Single by The Pioneers
- Released: 1971
- Genre: Reggae
- Length: 3:10
- Label: Trojan
- Songwriter(s): Jimmy Cliff

Official audio
- "Let Your Yeah Be Yeah" on YouTube

= Let Your Yeah Be Yeah =

1971 hit single by The Pioneers

"Let Your Yeah Be Yeah" is a reggae song written by Jamaican singer Jimmy Cliff.
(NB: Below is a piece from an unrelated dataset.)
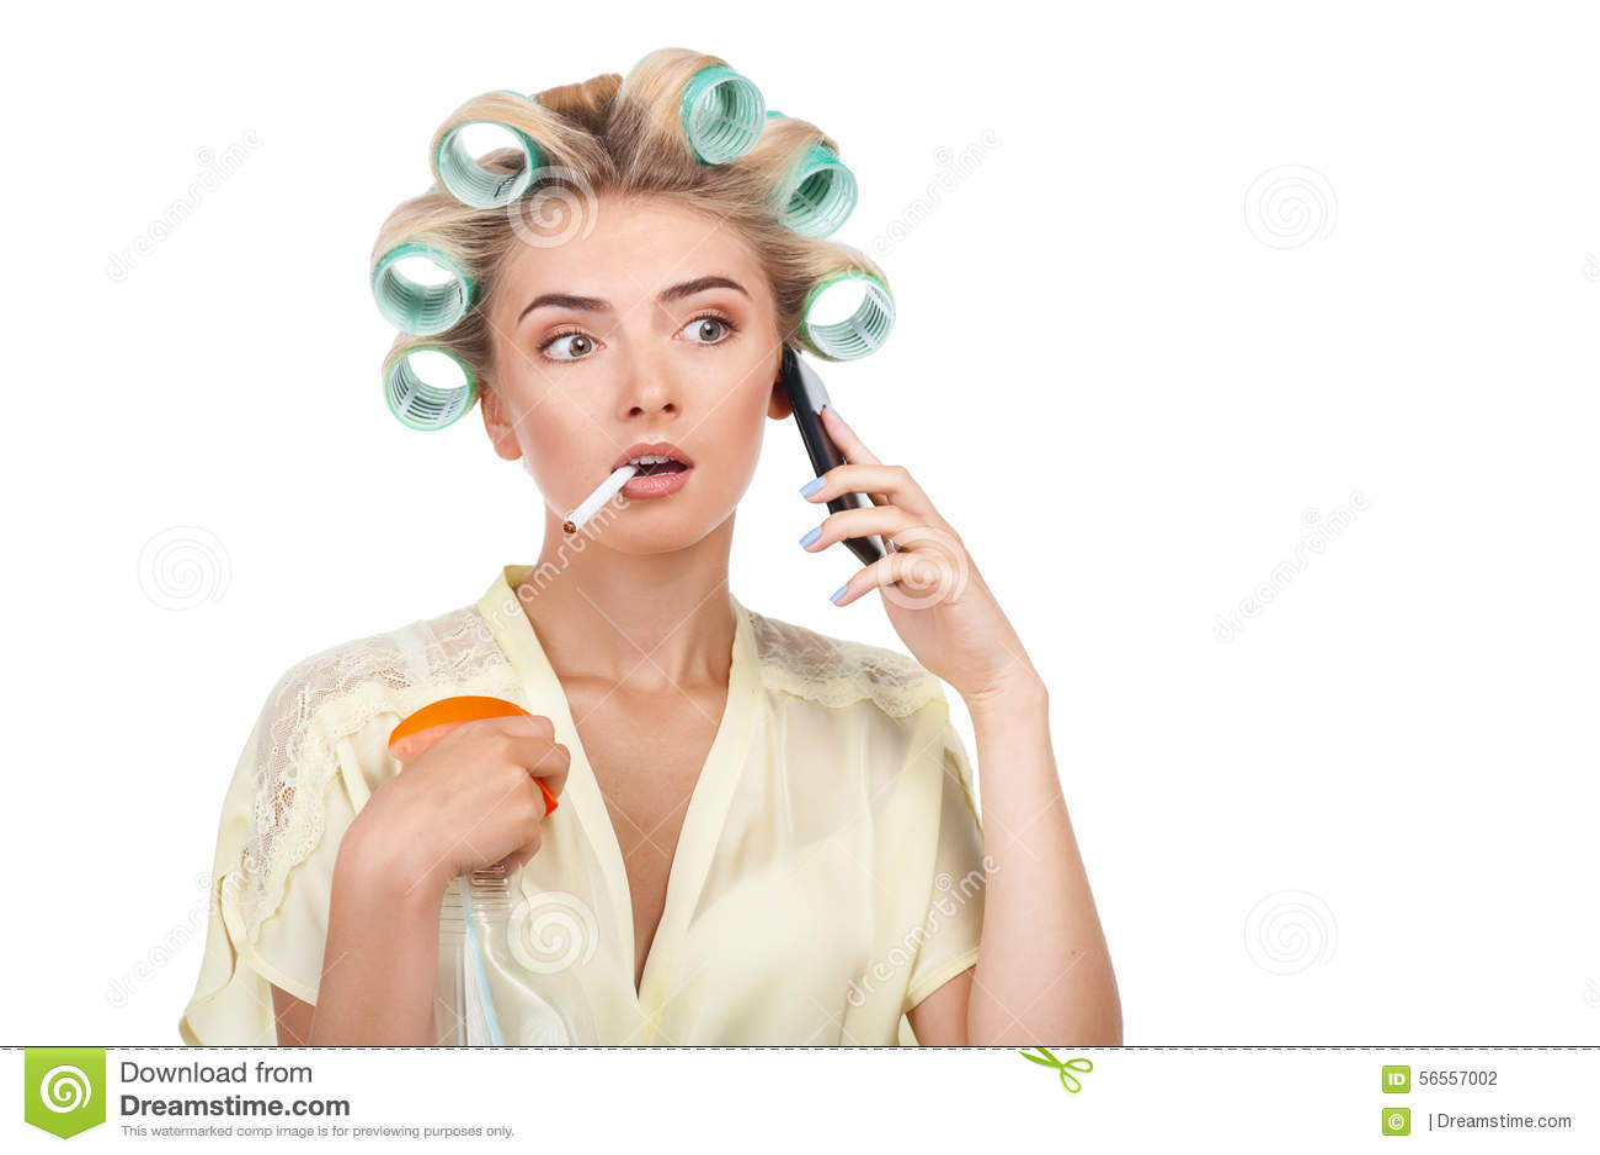 Download Η αρκετά νέα γυναίκα μιλά στο τηλέφωνο και Στοκ Εικόνες - εικόνα από καλλιέργεια, υγιής: 56557002
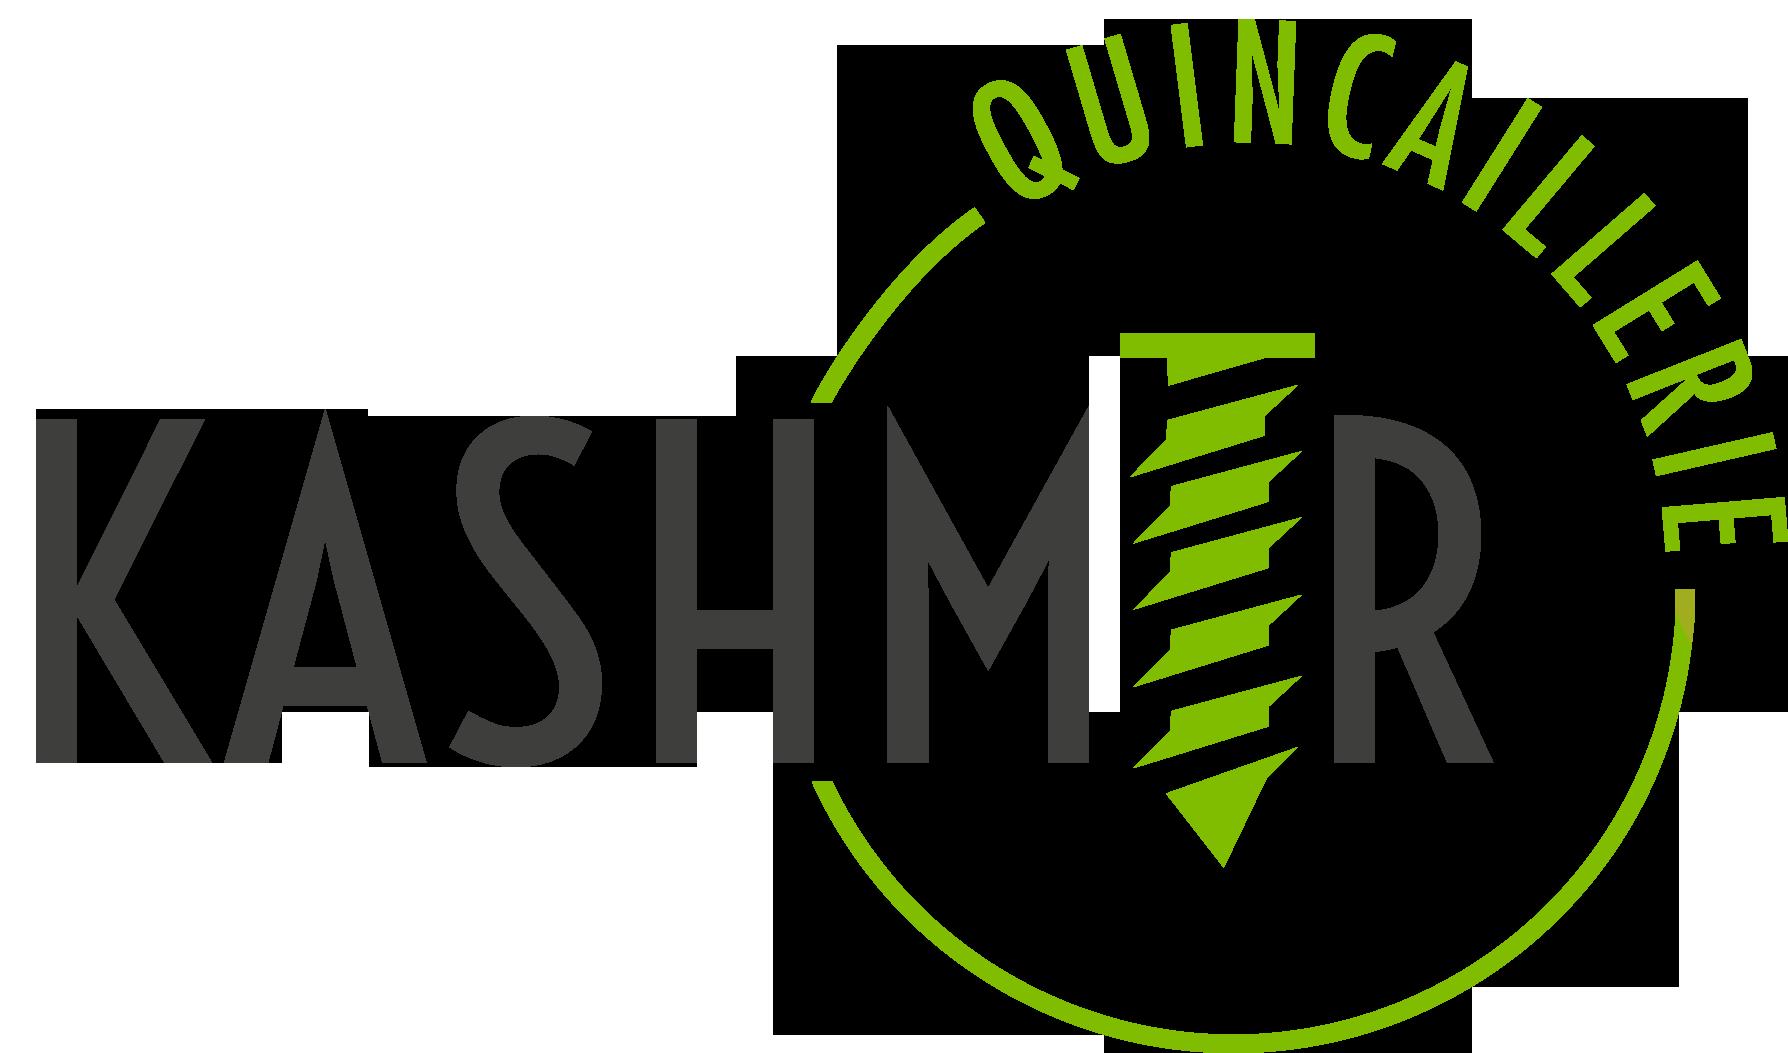 Quincaillerie Kashmir

It was first recorded by the vocal trio the Pioneers, whose version, co-produced by Cliff, reached No. 5 on the UK Singles Chart in 1971.

==Background==
The lyrics are based on Matthew 5:37; "But let your communication be, Yea, yea; Nay, nay: for whatsoever is more than these cometh of evil."

==Other recordings==
- In 1973, it was recorded by American rock band Brownsville Station for their album Yeah!. Released as a single, it was the band's second song to chart on the Billboard Hot 100, reaching no. 57.
- Cliff also released the song as a single in 1975 on Island Records, but it did not chart.
- A cover of this song was recorded by Ali Campbell, the former lead singer of the British reggae band UB40, for his solo album, Big Love (1995). It was released as a single and reached no. 25 in the U.K.
- The Gamblers, reggae project of Booze & Glory frontman Marek Rusek, covered the song in early 2025.